## Data segment
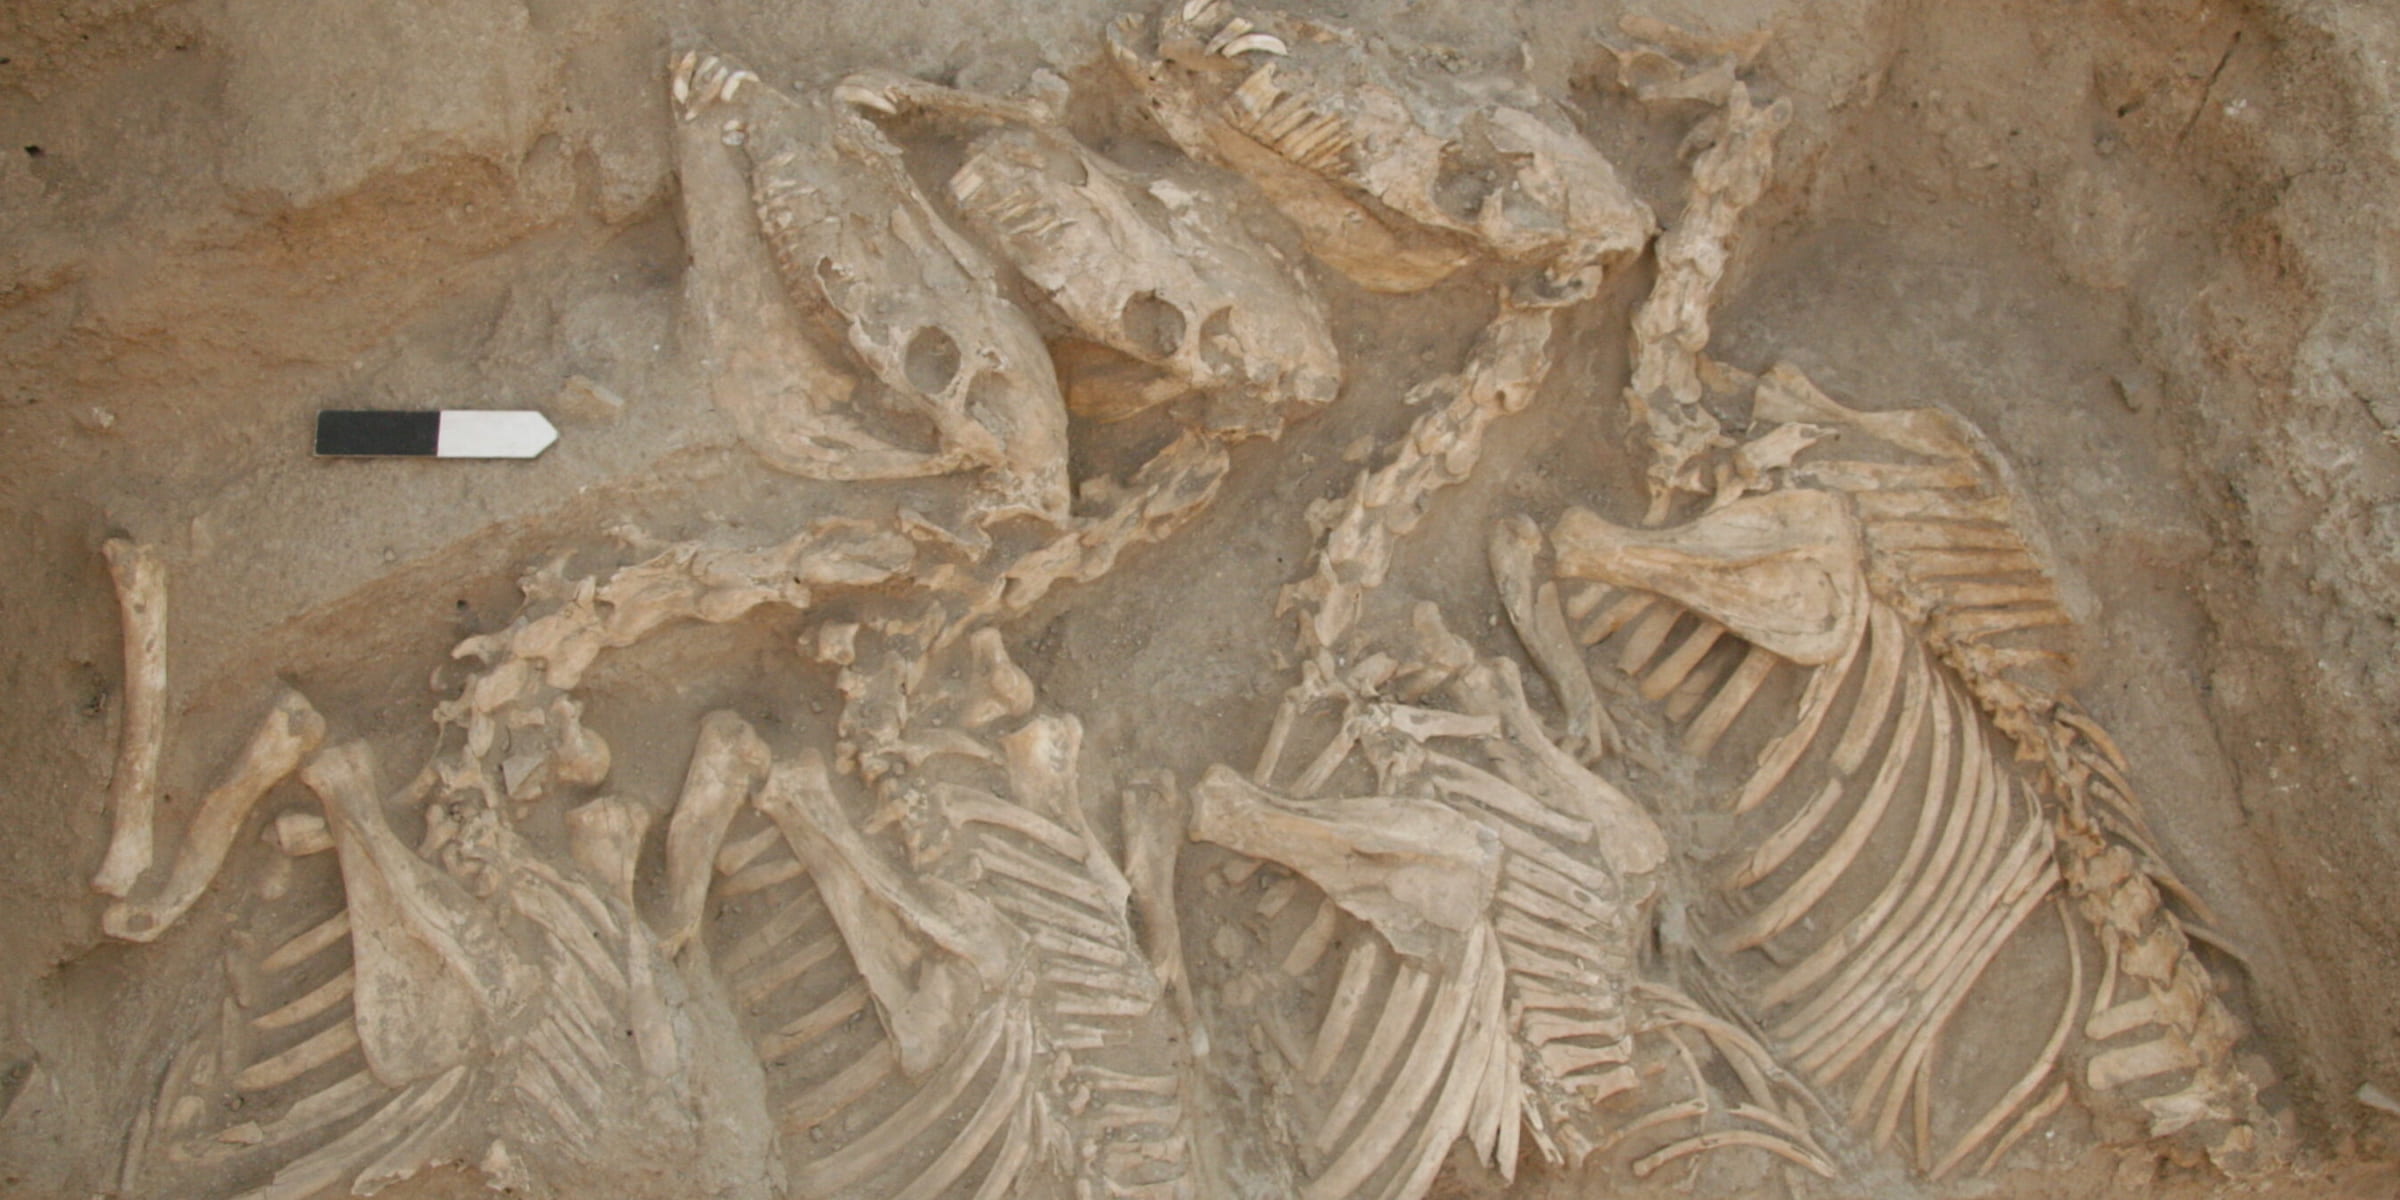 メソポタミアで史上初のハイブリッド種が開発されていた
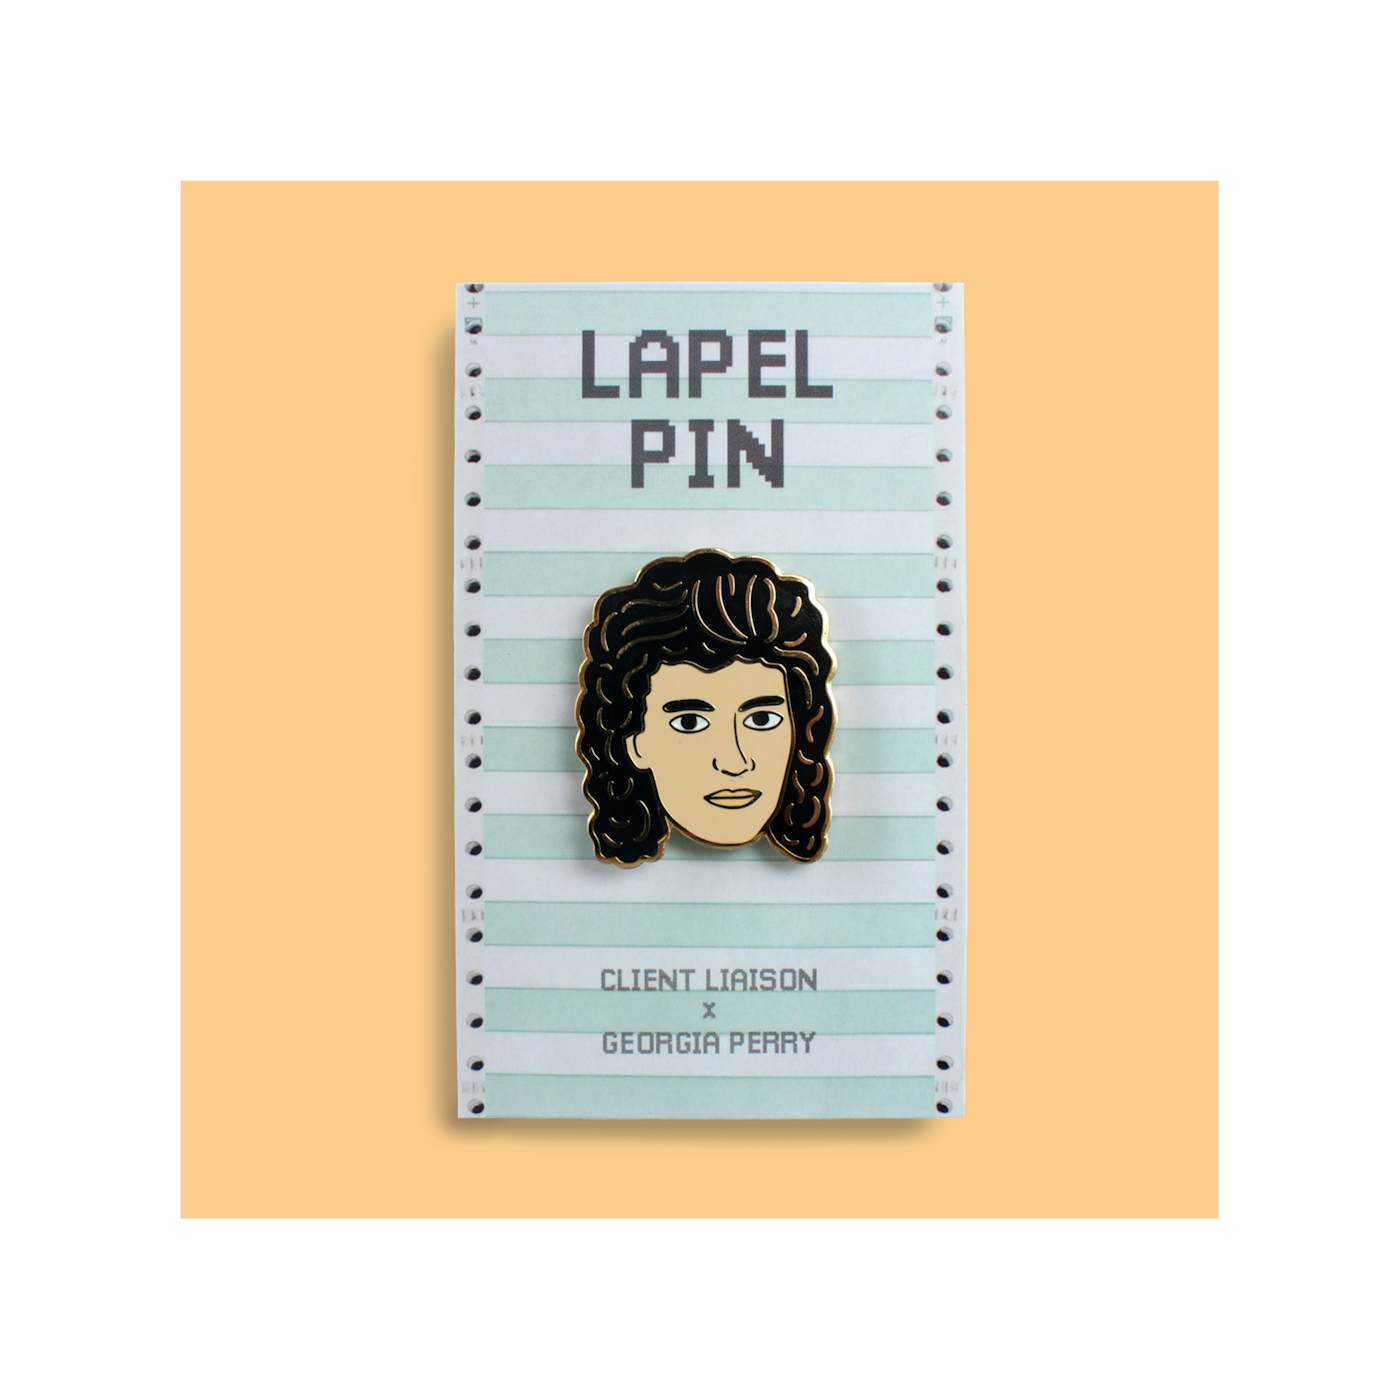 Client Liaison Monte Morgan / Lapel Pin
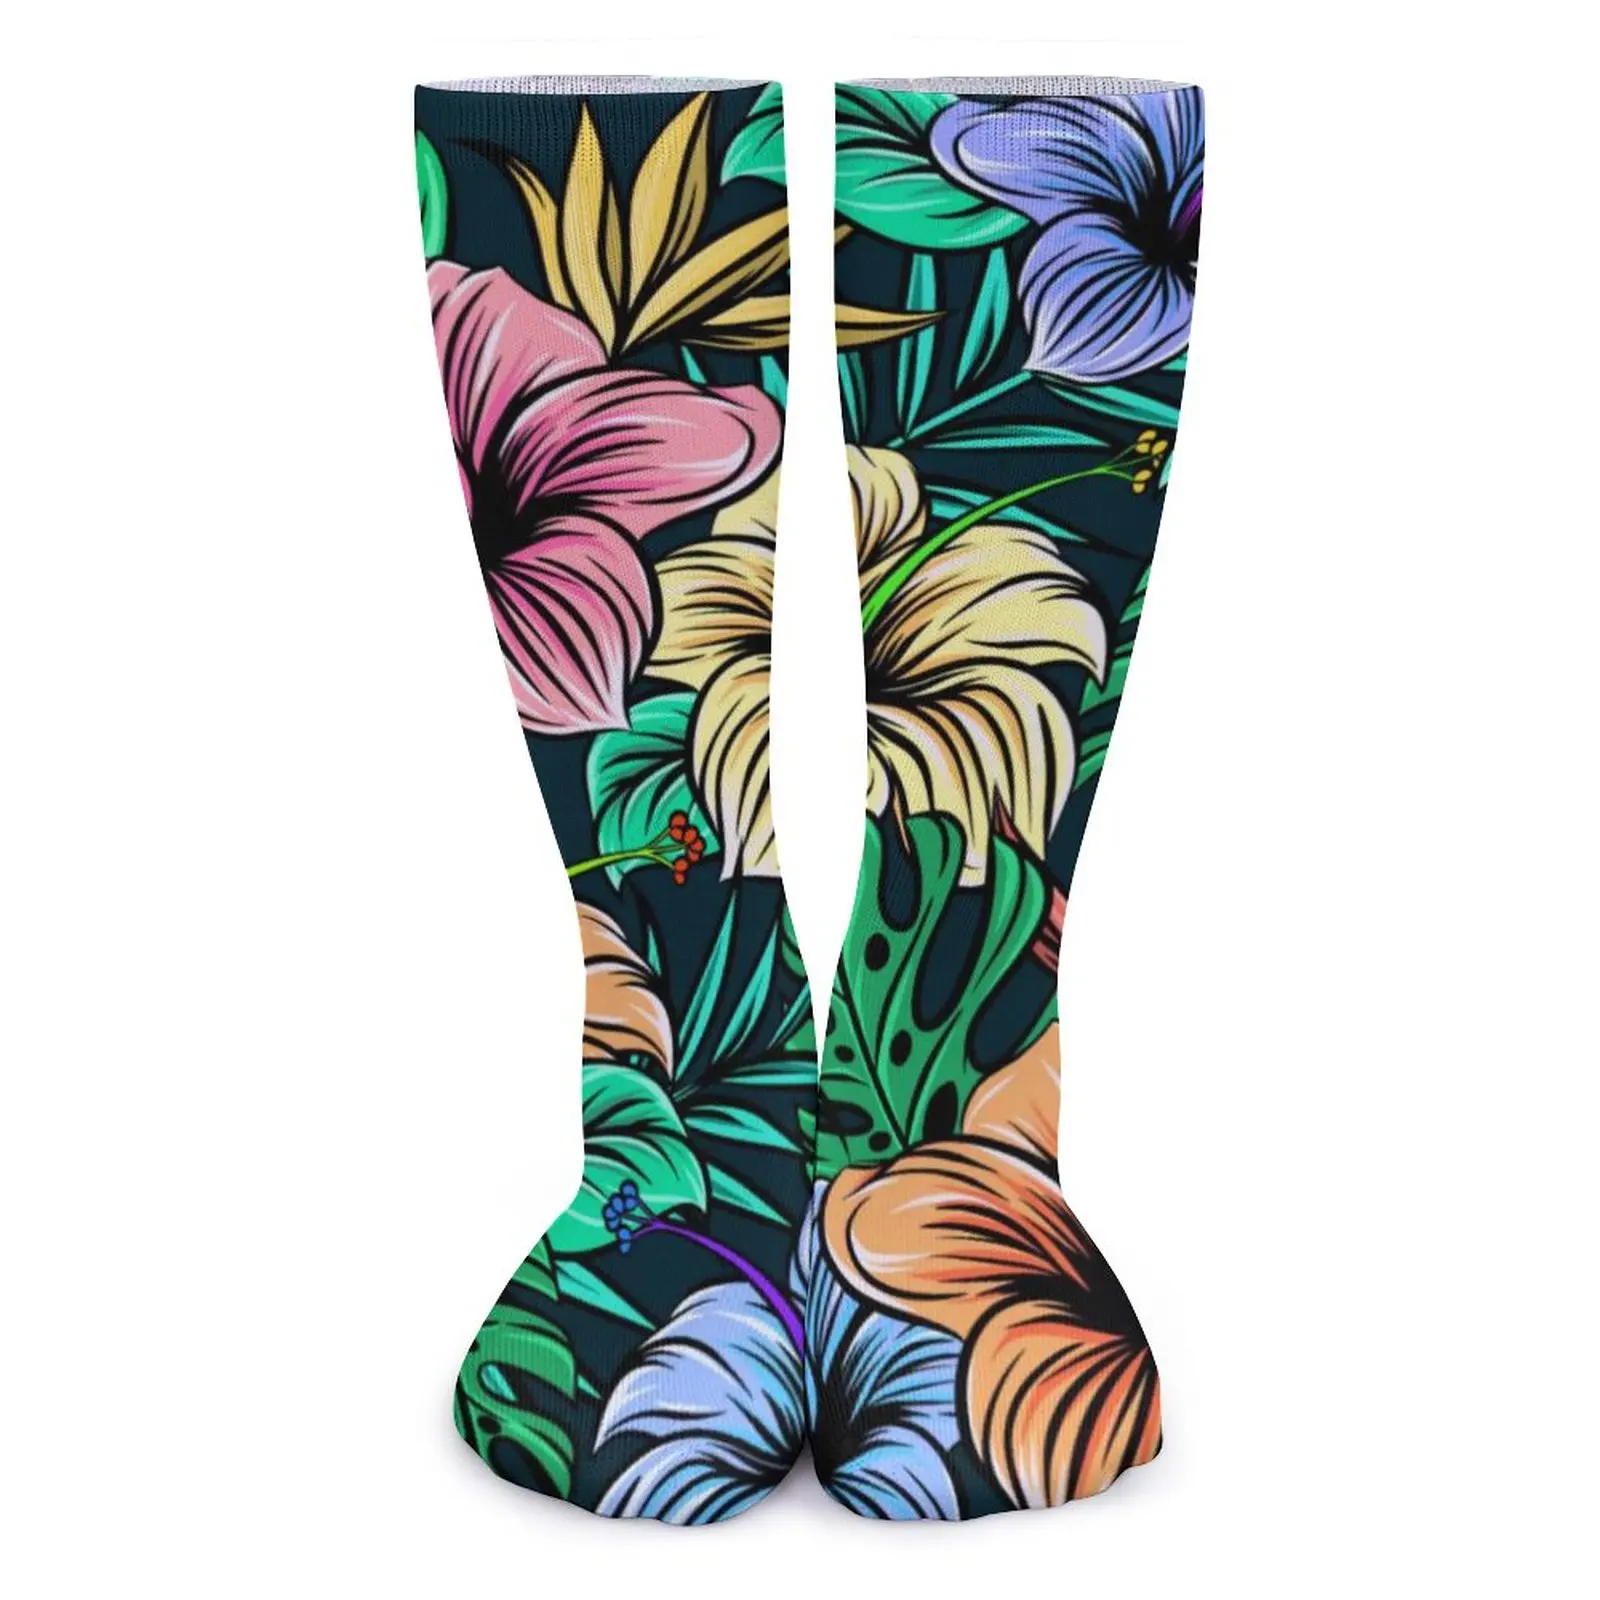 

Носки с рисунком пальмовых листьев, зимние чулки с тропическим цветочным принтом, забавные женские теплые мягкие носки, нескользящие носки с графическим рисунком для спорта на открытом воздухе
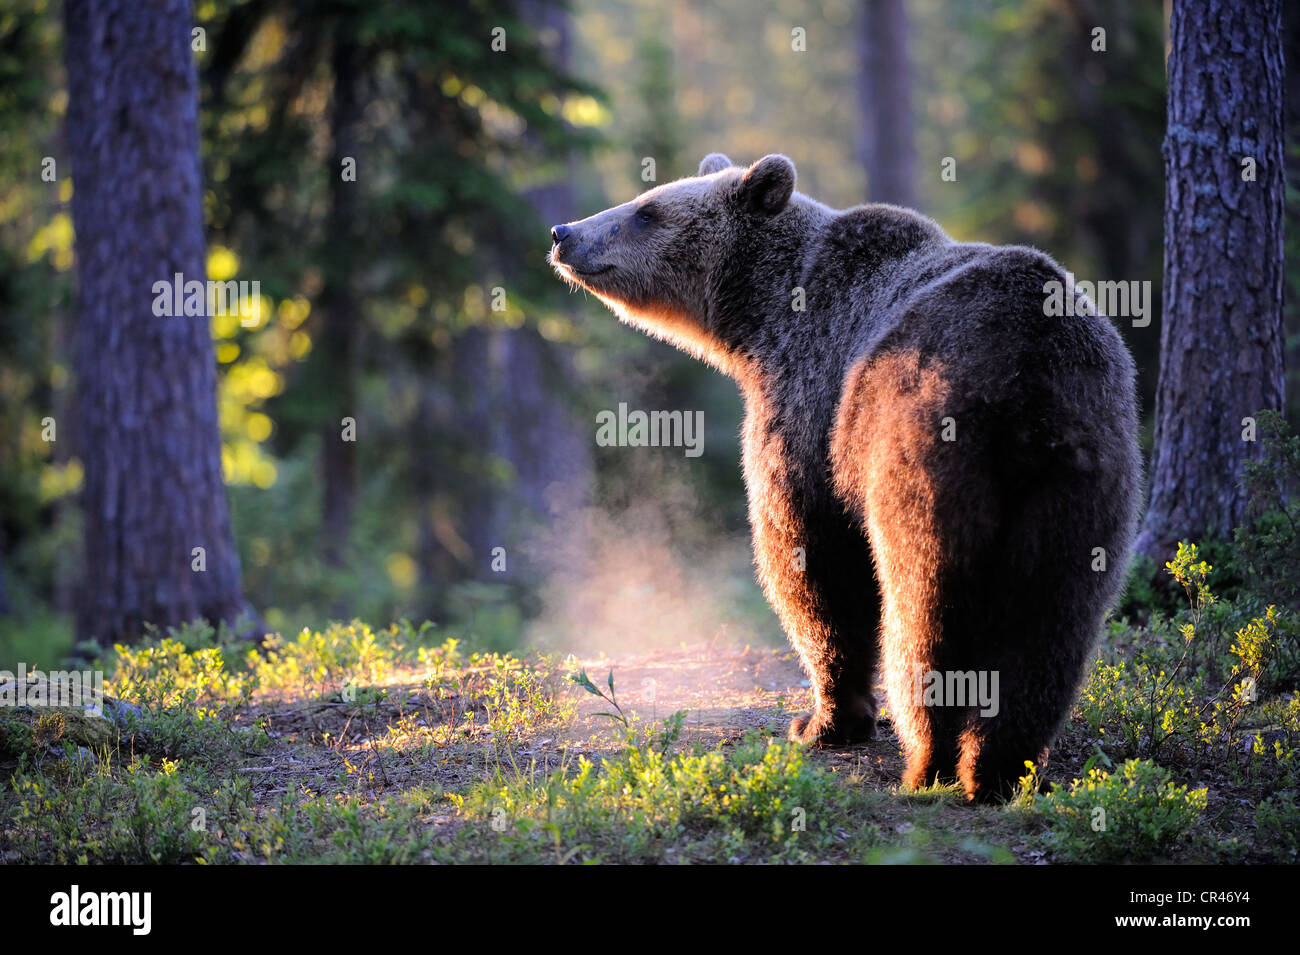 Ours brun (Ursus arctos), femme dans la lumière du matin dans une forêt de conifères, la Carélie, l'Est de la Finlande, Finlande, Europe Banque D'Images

## Goal of the exercise
Would you give again exactly the lines from the line containing "Носки с рисунком" through the end of the listing, both ends included, without any pictures?

## Reply to the exercise
Носки с рисунком пальмовых листьев, зимние чулки с тропическим цветочным принтом, забавные женские теплые мягкие носки, нескользящие носки с графическим рисунком для спорта на открытом воздухе
 Ours brun (Ursus arctos), femme dans la lumière du matin dans une forêt de conifères, la Carélie, l'Est de la Finlande, Finlande, Europe Banque D'Images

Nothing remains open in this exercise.